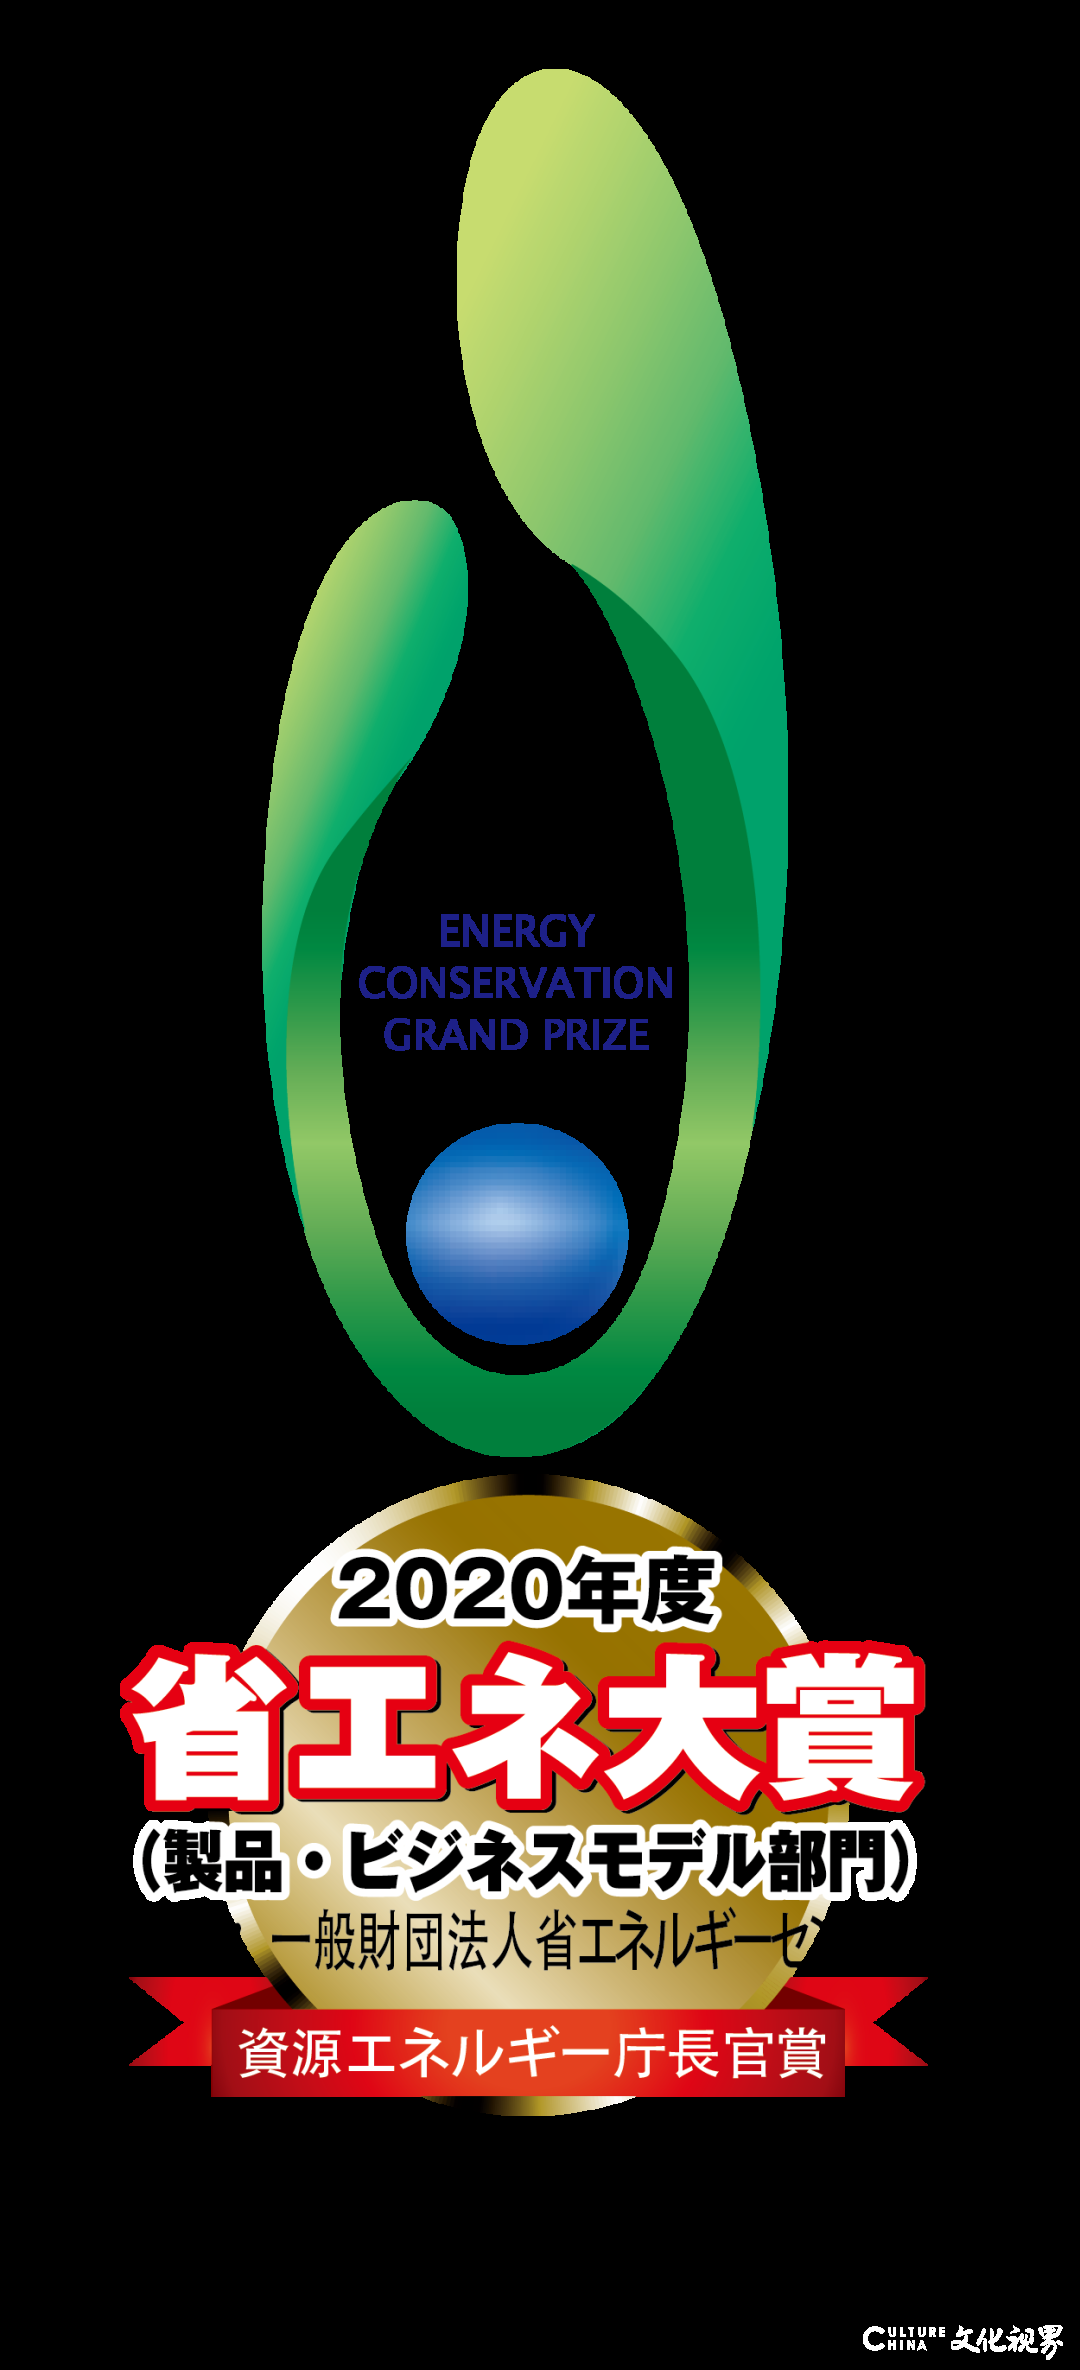 三菱重工空冷热泵水机MSV2系列斩获日本节能大奖，并正式量产落地
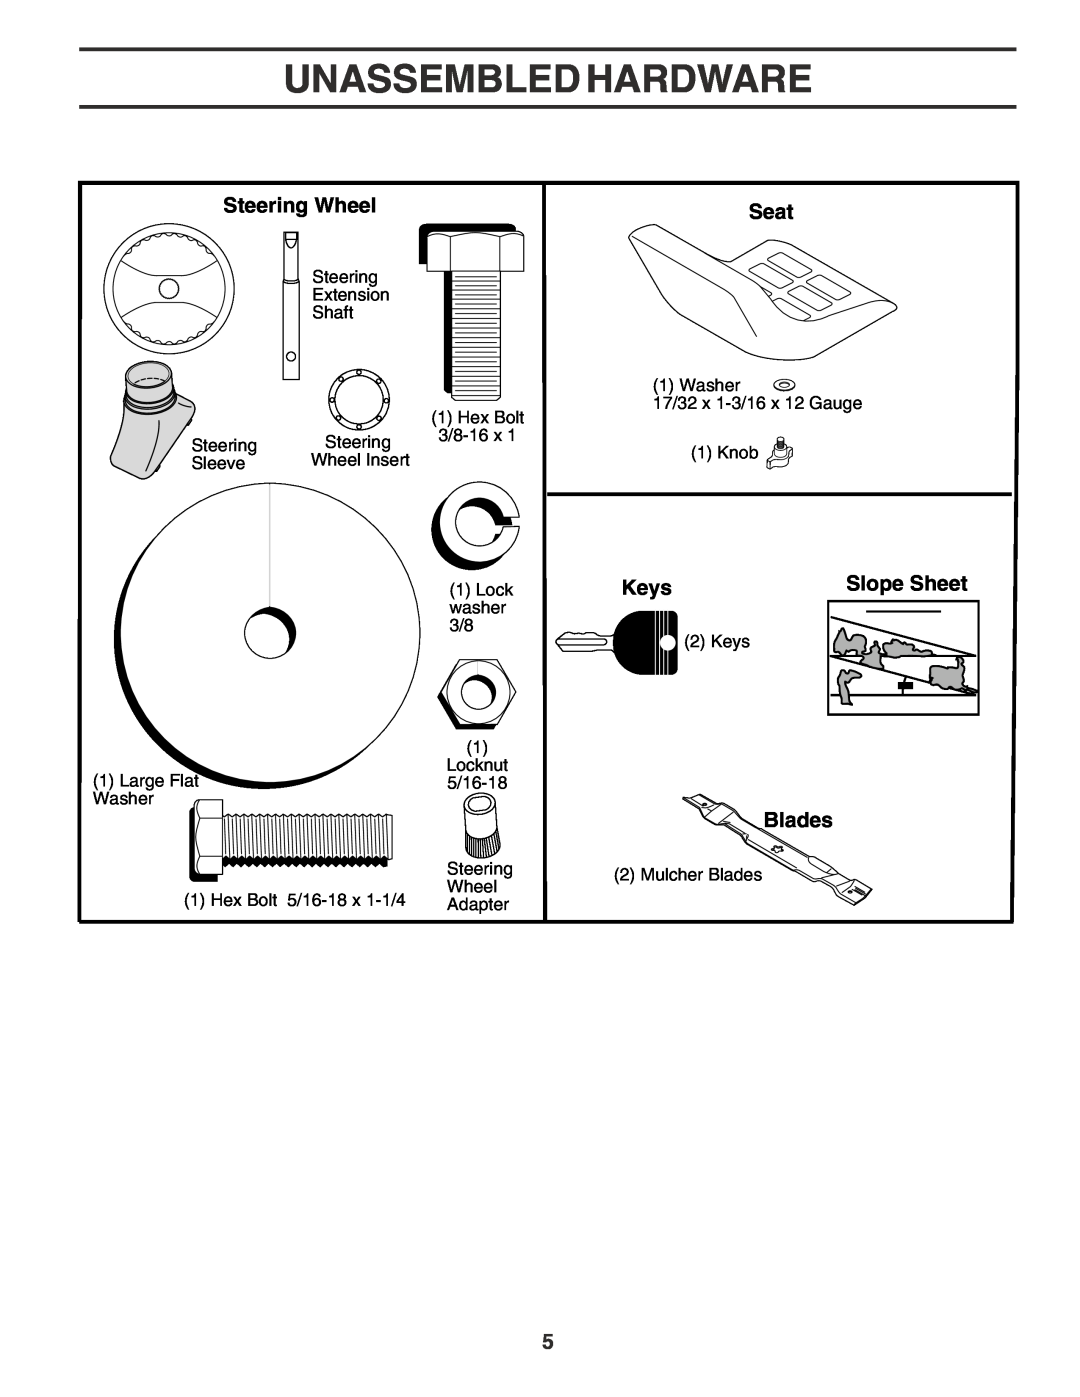 Poulan 180196 owner manual Unassembled Hardware, Steering Wheel, Seat, Keys, Slope Sheet, Blades 
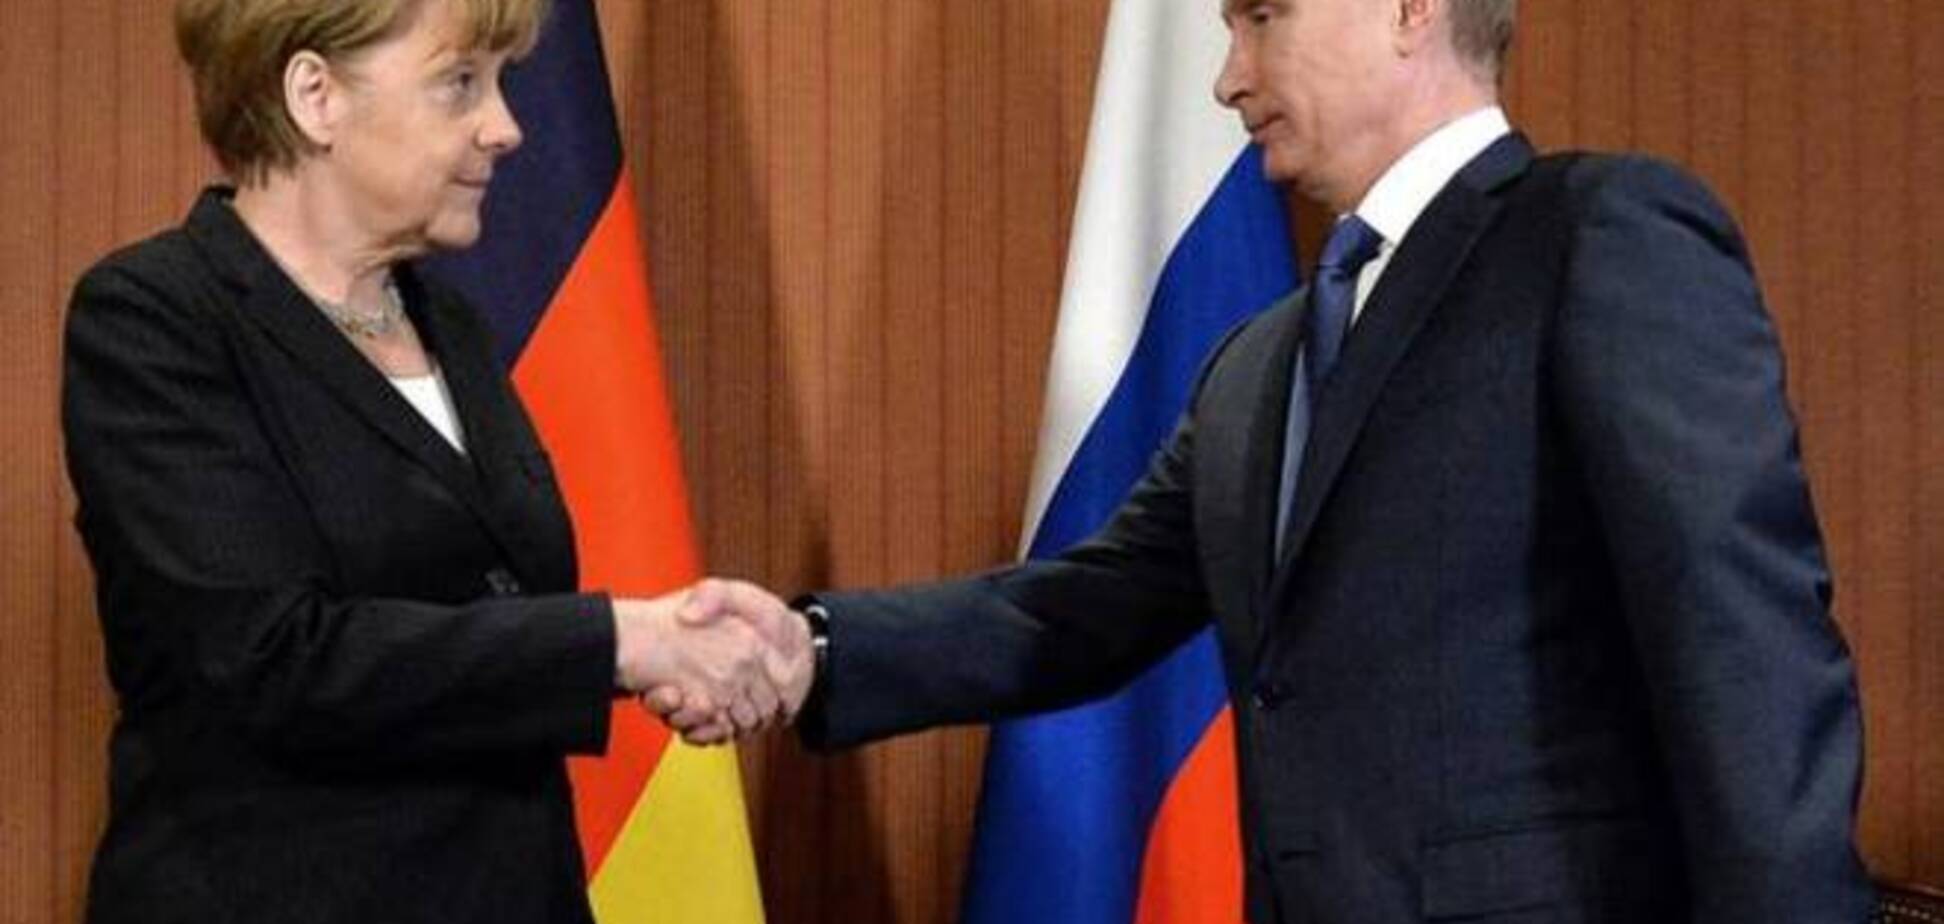 The Independent обнародовало cекретный план Путина и Меркель
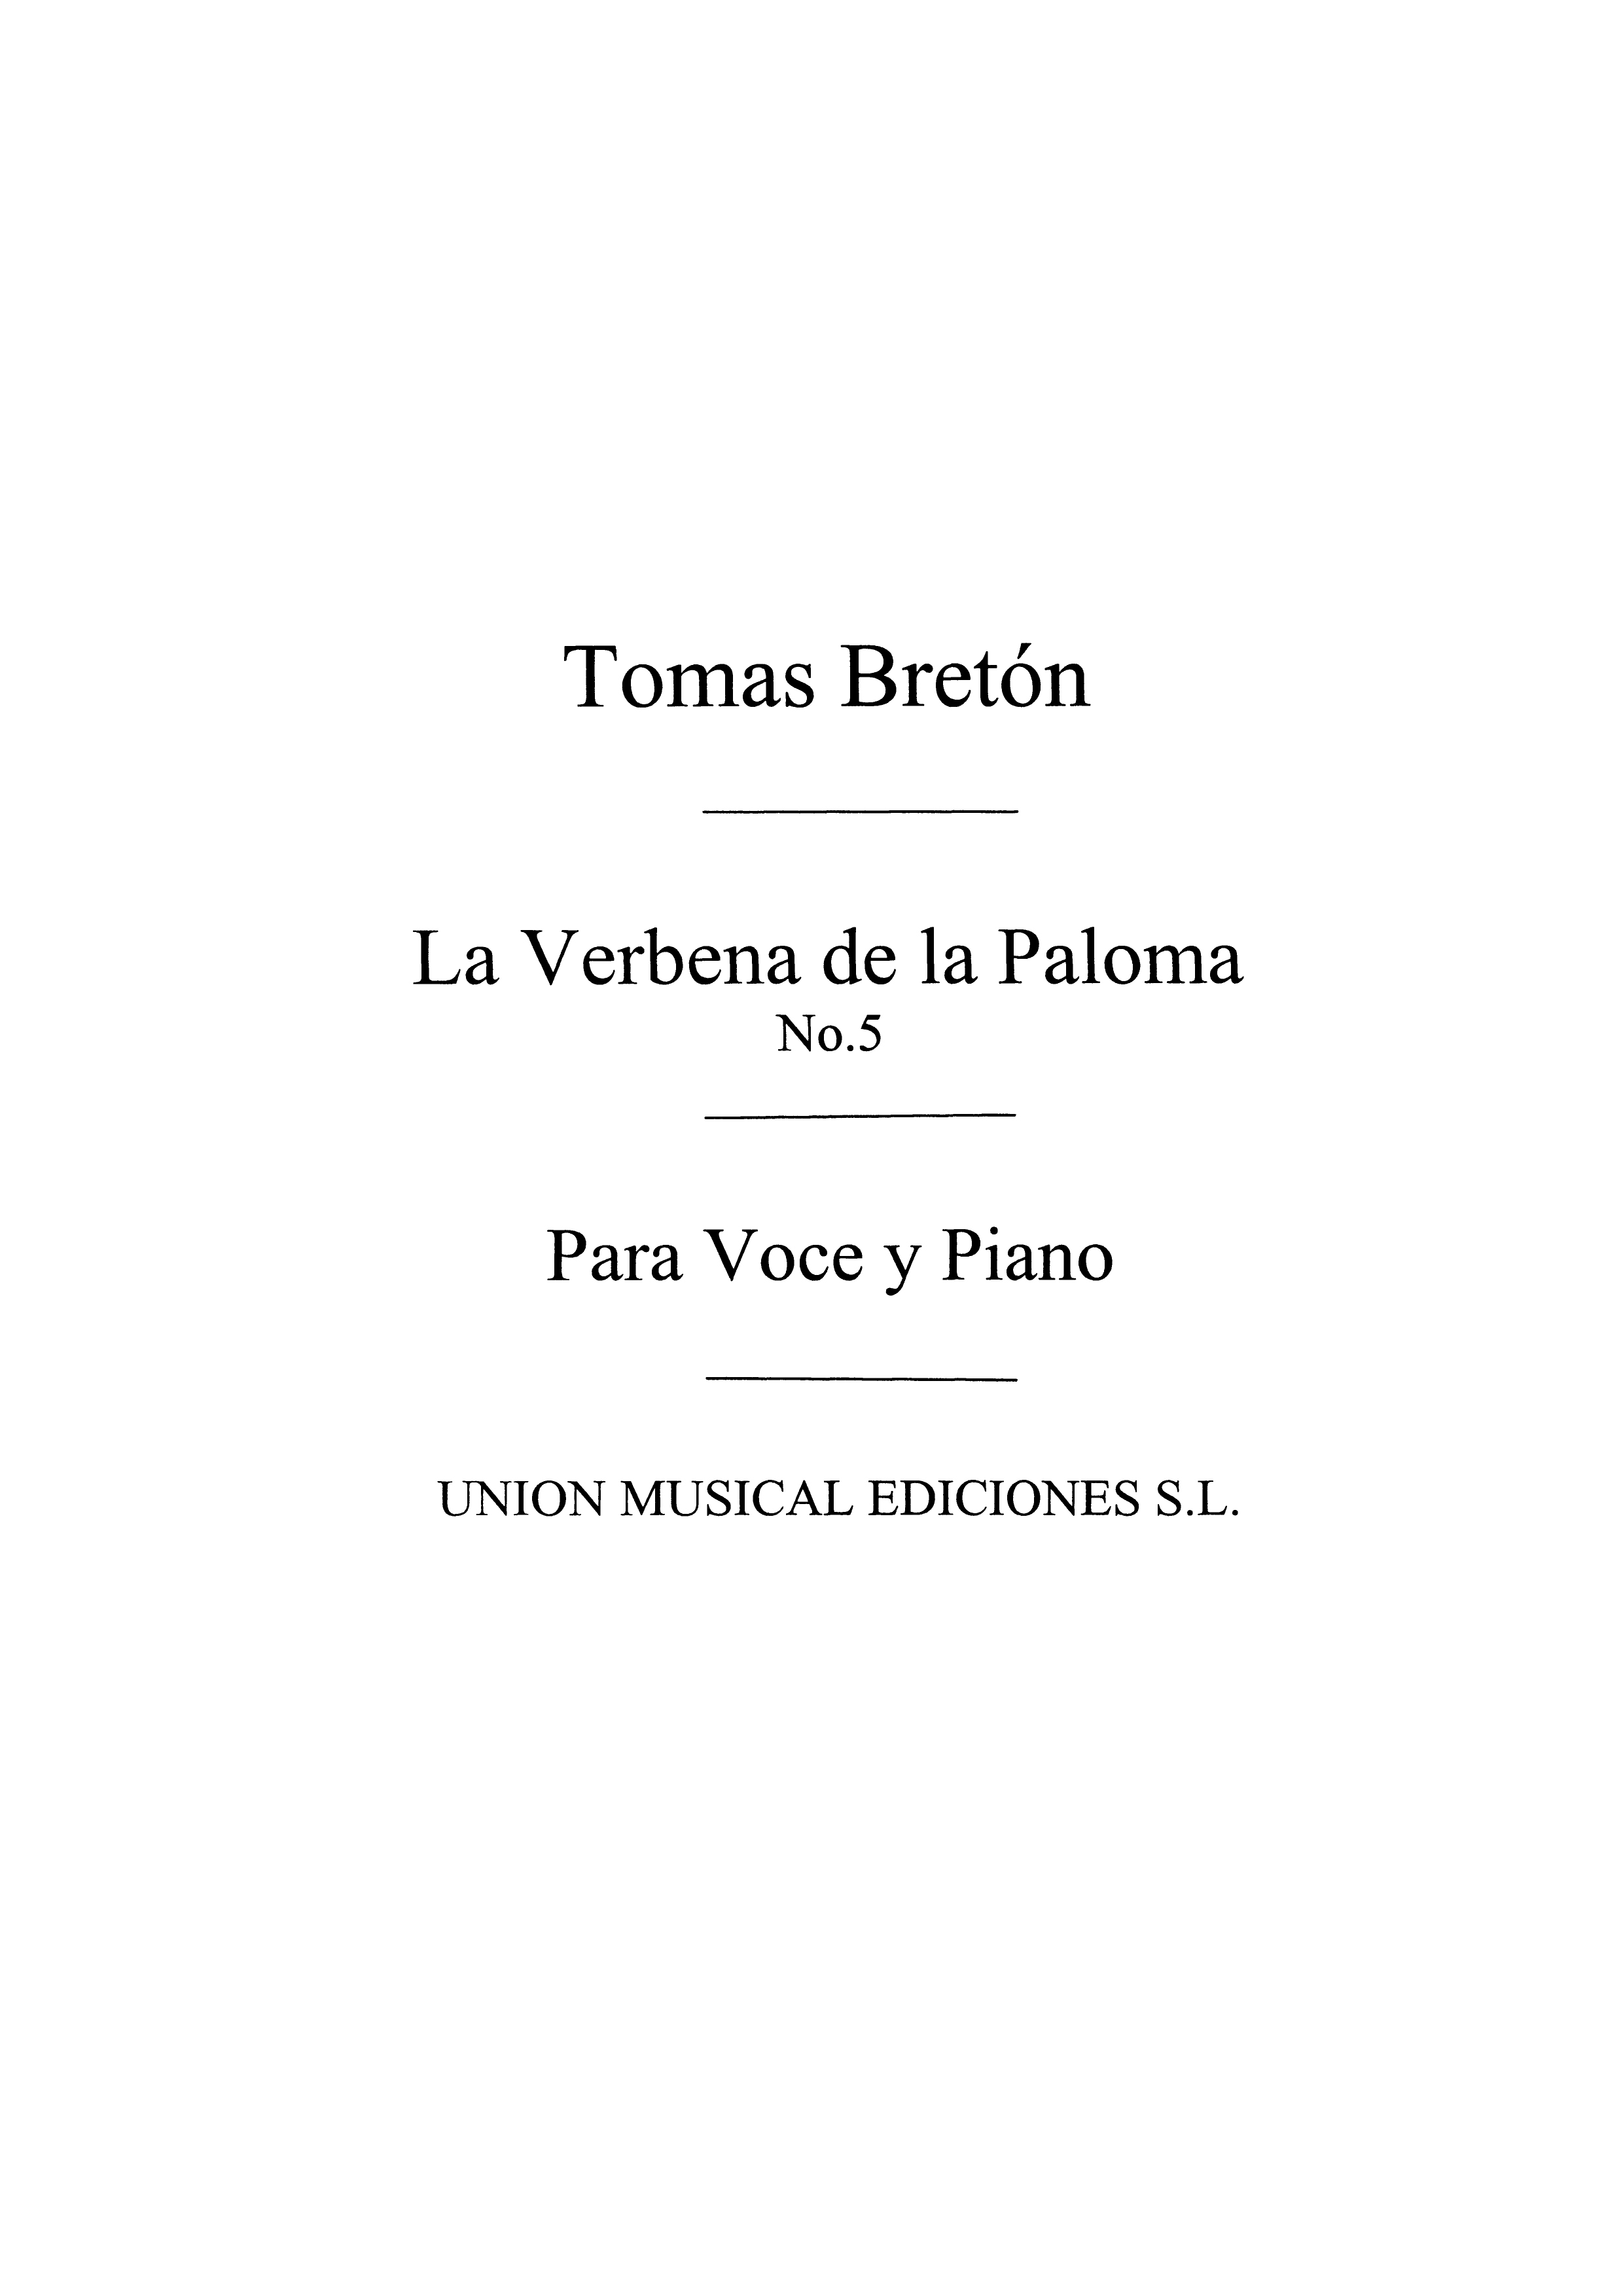 Tomas Breton: La Verbena De La Paloma No.5

→ Work to be completed:
What you return should match the material line for line, with the images removed.

→ Answer for this exercise:
 三菱重工空冷热泵水机MSV2系列斩获日本节能大奖，并正式量产落地
 Poulan 180196 owner manual Unassembled Hardware, Steering Wheel, Seat, Keys, Slope Sheet, Blades 
 The Independent обнародовало cекретный план Путина и Меркель
 Tomas Breton: La Verbena De La Paloma No.5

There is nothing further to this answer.